***** Data section *****
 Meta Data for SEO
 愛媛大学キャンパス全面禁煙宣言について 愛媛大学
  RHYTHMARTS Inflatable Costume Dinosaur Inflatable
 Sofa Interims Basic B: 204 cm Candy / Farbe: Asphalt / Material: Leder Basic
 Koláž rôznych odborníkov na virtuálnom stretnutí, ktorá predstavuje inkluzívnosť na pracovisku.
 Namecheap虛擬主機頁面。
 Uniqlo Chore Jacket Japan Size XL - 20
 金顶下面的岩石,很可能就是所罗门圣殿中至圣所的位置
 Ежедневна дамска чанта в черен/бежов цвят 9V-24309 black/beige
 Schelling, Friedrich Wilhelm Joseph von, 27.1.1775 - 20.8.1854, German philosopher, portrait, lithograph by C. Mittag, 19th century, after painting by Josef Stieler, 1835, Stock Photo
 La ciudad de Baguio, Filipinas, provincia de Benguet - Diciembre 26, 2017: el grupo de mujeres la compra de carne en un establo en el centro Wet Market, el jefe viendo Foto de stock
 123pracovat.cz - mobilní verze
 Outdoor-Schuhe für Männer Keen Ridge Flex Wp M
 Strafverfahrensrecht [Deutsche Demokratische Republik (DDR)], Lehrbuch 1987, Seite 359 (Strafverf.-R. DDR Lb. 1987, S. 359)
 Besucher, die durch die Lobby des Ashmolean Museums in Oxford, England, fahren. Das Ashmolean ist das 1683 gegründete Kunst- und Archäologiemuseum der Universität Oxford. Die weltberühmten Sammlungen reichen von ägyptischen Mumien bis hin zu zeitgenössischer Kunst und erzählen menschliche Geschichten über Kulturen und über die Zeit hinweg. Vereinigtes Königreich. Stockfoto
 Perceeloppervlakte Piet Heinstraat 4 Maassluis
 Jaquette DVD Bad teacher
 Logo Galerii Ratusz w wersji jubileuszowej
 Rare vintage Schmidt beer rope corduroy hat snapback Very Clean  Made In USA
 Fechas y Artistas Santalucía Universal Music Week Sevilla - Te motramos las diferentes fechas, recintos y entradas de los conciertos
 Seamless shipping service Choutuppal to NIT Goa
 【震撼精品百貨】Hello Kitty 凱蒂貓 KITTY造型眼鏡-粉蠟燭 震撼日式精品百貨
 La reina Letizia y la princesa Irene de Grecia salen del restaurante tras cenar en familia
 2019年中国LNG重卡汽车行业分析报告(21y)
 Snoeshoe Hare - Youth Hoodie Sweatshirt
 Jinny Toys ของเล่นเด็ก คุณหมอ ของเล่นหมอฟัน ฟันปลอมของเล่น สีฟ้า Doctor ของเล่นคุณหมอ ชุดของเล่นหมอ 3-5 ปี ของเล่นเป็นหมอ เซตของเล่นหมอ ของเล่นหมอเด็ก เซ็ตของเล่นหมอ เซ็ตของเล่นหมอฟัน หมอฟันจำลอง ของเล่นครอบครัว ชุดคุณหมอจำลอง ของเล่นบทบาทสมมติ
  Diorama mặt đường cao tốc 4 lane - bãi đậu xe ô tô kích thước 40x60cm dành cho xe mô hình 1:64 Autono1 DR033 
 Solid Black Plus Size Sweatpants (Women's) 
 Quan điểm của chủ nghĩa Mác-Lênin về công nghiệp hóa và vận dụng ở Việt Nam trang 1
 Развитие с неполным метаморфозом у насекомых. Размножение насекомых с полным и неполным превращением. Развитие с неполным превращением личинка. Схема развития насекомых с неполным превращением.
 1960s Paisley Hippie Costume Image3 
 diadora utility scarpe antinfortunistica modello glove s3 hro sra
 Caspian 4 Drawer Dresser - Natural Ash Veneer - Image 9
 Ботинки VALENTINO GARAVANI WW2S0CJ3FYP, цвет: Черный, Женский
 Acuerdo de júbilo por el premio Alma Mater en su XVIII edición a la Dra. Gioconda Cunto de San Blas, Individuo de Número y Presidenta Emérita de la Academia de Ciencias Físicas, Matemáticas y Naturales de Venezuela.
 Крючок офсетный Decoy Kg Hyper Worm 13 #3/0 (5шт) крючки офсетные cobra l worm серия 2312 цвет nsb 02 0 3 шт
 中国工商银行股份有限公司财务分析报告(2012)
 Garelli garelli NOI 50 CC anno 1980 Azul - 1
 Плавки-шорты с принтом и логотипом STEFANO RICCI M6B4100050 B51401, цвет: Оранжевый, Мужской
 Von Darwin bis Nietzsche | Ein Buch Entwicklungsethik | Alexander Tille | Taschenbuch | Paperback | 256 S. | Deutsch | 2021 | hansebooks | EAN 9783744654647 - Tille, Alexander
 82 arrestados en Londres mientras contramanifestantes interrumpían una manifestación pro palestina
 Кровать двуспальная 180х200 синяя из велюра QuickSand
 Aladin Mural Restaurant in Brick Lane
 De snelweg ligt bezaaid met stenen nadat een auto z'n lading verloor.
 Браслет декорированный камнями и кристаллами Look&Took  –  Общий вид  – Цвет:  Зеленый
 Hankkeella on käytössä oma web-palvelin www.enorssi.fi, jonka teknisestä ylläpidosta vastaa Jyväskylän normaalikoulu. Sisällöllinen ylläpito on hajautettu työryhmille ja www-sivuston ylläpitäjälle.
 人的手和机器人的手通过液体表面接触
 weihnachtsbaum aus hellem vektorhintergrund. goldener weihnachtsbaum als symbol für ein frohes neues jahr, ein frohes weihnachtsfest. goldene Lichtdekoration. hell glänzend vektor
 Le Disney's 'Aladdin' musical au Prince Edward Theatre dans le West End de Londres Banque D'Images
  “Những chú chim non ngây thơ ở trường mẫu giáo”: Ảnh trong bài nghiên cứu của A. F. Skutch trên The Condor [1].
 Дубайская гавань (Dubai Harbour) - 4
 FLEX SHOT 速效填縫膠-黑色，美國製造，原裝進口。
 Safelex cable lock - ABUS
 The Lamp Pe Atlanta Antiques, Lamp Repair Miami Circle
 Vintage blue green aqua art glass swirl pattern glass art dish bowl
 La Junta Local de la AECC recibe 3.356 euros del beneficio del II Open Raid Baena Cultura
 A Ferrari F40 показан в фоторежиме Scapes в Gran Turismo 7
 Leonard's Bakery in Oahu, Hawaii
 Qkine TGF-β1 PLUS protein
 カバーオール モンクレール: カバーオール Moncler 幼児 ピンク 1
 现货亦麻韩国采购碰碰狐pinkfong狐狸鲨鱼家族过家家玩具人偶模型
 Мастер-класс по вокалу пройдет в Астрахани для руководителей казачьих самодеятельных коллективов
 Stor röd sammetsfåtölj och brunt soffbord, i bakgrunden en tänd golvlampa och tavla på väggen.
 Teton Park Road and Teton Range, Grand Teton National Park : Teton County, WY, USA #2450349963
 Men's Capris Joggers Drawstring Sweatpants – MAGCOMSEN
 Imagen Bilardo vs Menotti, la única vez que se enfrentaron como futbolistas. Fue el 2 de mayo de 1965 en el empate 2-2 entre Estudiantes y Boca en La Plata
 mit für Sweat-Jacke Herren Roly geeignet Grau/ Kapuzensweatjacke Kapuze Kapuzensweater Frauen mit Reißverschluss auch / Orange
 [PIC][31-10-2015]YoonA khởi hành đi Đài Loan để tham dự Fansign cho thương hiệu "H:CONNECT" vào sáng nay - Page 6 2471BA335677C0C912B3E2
*****
*Problem description*
The lines above need to be restated word for word, all of them.

*Result of this task*
 Meta Data for SEO
 愛媛大学キャンパス全面禁煙宣言について 愛媛大学
  RHYTHMARTS Inflatable Costume Dinosaur Inflatable
 Sofa Interims Basic B: 204 cm Candy / Farbe: Asphalt / Material: Leder Basic
 Koláž rôznych odborníkov na virtuálnom stretnutí, ktorá predstavuje inkluzívnosť na pracovisku.
 Namecheap虛擬主機頁面。
 Uniqlo Chore Jacket Japan Size XL - 20
 金顶下面的岩石,很可能就是所罗门圣殿中至圣所的位置
 Ежедневна дамска чанта в черен/бежов цвят 9V-24309 black/beige
 Schelling, Friedrich Wilhelm Joseph von, 27.1.1775 - 20.8.1854, German philosopher, portrait, lithograph by C. Mittag, 19th century, after painting by Josef Stieler, 1835, Stock Photo
 La ciudad de Baguio, Filipinas, provincia de Benguet - Diciembre 26, 2017: el grupo de mujeres la compra de carne en un establo en el centro Wet Market, el jefe viendo Foto de stock
 123pracovat.cz - mobilní verze
 Outdoor-Schuhe für Männer Keen Ridge Flex Wp M
 Strafverfahrensrecht [Deutsche Demokratische Republik (DDR)], Lehrbuch 1987, Seite 359 (Strafverf.-R. DDR Lb. 1987, S. 359)
 Besucher, die durch die Lobby des Ashmolean Museums in Oxford, England, fahren. Das Ashmolean ist das 1683 gegründete Kunst- und Archäologiemuseum der Universität Oxford. Die weltberühmten Sammlungen reichen von ägyptischen Mumien bis hin zu zeitgenössischer Kunst und erzählen menschliche Geschichten über Kulturen und über die Zeit hinweg. Vereinigtes Königreich. Stockfoto
 Perceeloppervlakte Piet Heinstraat 4 Maassluis
 Jaquette DVD Bad teacher
 Logo Galerii Ratusz w wersji jubileuszowej
 Rare vintage Schmidt beer rope corduroy hat snapback Very Clean  Made In USA
 Fechas y Artistas Santalucía Universal Music Week Sevilla - Te motramos las diferentes fechas, recintos y entradas de los conciertos
 Seamless shipping service Choutuppal to NIT Goa
 【震撼精品百貨】Hello Kitty 凱蒂貓 KITTY造型眼鏡-粉蠟燭 震撼日式精品百貨
 La reina Letizia y la princesa Irene de Grecia salen del restaurante tras cenar en familia
 2019年中国LNG重卡汽车行业分析报告(21y)
 Snoeshoe Hare - Youth Hoodie Sweatshirt
 Jinny Toys ของเล่นเด็ก คุณหมอ ของเล่นหมอฟัน ฟันปลอมของเล่น สีฟ้า Doctor ของเล่นคุณหมอ ชุดของเล่นหมอ 3-5 ปี ของเล่นเป็นหมอ เซตของเล่นหมอ ของเล่นหมอเด็ก เซ็ตของเล่นหมอ เซ็ตของเล่นหมอฟัน หมอฟันจำลอง ของเล่นครอบครัว ชุดคุณหมอจำลอง ของเล่นบทบาทสมมติ
  Diorama mặt đường cao tốc 4 lane - bãi đậu xe ô tô kích thước 40x60cm dành cho xe mô hình 1:64 Autono1 DR033 
 Solid Black Plus Size Sweatpants (Women's) 
 Quan điểm của chủ nghĩa Mác-Lênin về công nghiệp hóa và vận dụng ở Việt Nam trang 1
 Развитие с неполным метаморфозом у насекомых. Размножение насекомых с полным и неполным превращением. Развитие с неполным превращением личинка. Схема развития насекомых с неполным превращением.
 1960s Paisley Hippie Costume Image3 
 diadora utility scarpe antinfortunistica modello glove s3 hro sra
 Caspian 4 Drawer Dresser - Natural Ash Veneer - Image 9
 Ботинки VALENTINO GARAVANI WW2S0CJ3FYP, цвет: Черный, Женский
 Acuerdo de júbilo por el premio Alma Mater en su XVIII edición a la Dra. Gioconda Cunto de San Blas, Individuo de Número y Presidenta Emérita de la Academia de Ciencias Físicas, Matemáticas y Naturales de Venezuela.
 Крючок офсетный Decoy Kg Hyper Worm 13 #3/0 (5шт) крючки офсетные cobra l worm серия 2312 цвет nsb 02 0 3 шт
 中国工商银行股份有限公司财务分析报告(2012)
 Garelli garelli NOI 50 CC anno 1980 Azul - 1
 Плавки-шорты с принтом и логотипом STEFANO RICCI M6B4100050 B51401, цвет: Оранжевый, Мужской
 Von Darwin bis Nietzsche | Ein Buch Entwicklungsethik | Alexander Tille | Taschenbuch | Paperback | 256 S. | Deutsch | 2021 | hansebooks | EAN 9783744654647 - Tille, Alexander
 82 arrestados en Londres mientras contramanifestantes interrumpían una manifestación pro palestina
 Кровать двуспальная 180х200 синяя из велюра QuickSand
 Aladin Mural Restaurant in Brick Lane
 De snelweg ligt bezaaid met stenen nadat een auto z'n lading verloor.
 Браслет декорированный камнями и кристаллами Look&Took  –  Общий вид  – Цвет:  Зеленый
 Hankkeella on käytössä oma web-palvelin www.enorssi.fi, jonka teknisestä ylläpidosta vastaa Jyväskylän normaalikoulu. Sisällöllinen ylläpito on hajautettu työryhmille ja www-sivuston ylläpitäjälle.
 人的手和机器人的手通过液体表面接触
 weihnachtsbaum aus hellem vektorhintergrund. goldener weihnachtsbaum als symbol für ein frohes neues jahr, ein frohes weihnachtsfest. goldene Lichtdekoration. hell glänzend vektor
 Le Disney's 'Aladdin' musical au Prince Edward Theatre dans le West End de Londres Banque D'Images
  “Những chú chim non ngây thơ ở trường mẫu giáo”: Ảnh trong bài nghiên cứu của A. F. Skutch trên The Condor [1].
 Дубайская гавань (Dubai Harbour) - 4
 FLEX SHOT 速效填縫膠-黑色，美國製造，原裝進口。
 Safelex cable lock - ABUS
 The Lamp Pe Atlanta Antiques, Lamp Repair Miami Circle
 Vintage blue green aqua art glass swirl pattern glass art dish bowl
 La Junta Local de la AECC recibe 3.356 euros del beneficio del II Open Raid Baena Cultura
 A Ferrari F40 показан в фоторежиме Scapes в Gran Turismo 7
 Leonard's Bakery in Oahu, Hawaii
 Qkine TGF-β1 PLUS protein
 カバーオール モンクレール: カバーオール Moncler 幼児 ピンク 1
 现货亦麻韩国采购碰碰狐pinkfong狐狸鲨鱼家族过家家玩具人偶模型
 Мастер-класс по вокалу пройдет в Астрахани для руководителей казачьих самодеятельных коллективов
 Stor röd sammetsfåtölj och brunt soffbord, i bakgrunden en tänd golvlampa och tavla på väggen.
 Teton Park Road and Teton Range, Grand Teton National Park : Teton County, WY, USA #2450349963
 Men's Capris Joggers Drawstring Sweatpants – MAGCOMSEN
 Imagen Bilardo vs Menotti, la única vez que se enfrentaron como futbolistas. Fue el 2 de mayo de 1965 en el empate 2-2 entre Estudiantes y Boca en La Plata
 mit für Sweat-Jacke Herren Roly geeignet Grau/ Kapuzensweatjacke Kapuze Kapuzensweater Frauen mit Reißverschluss auch / Orange
 [PIC][31-10-2015]YoonA khởi hành đi Đài Loan để tham dự Fansign cho thương hiệu "H:CONNECT" vào sáng nay - Page 6 2471BA335677C0C912B3E2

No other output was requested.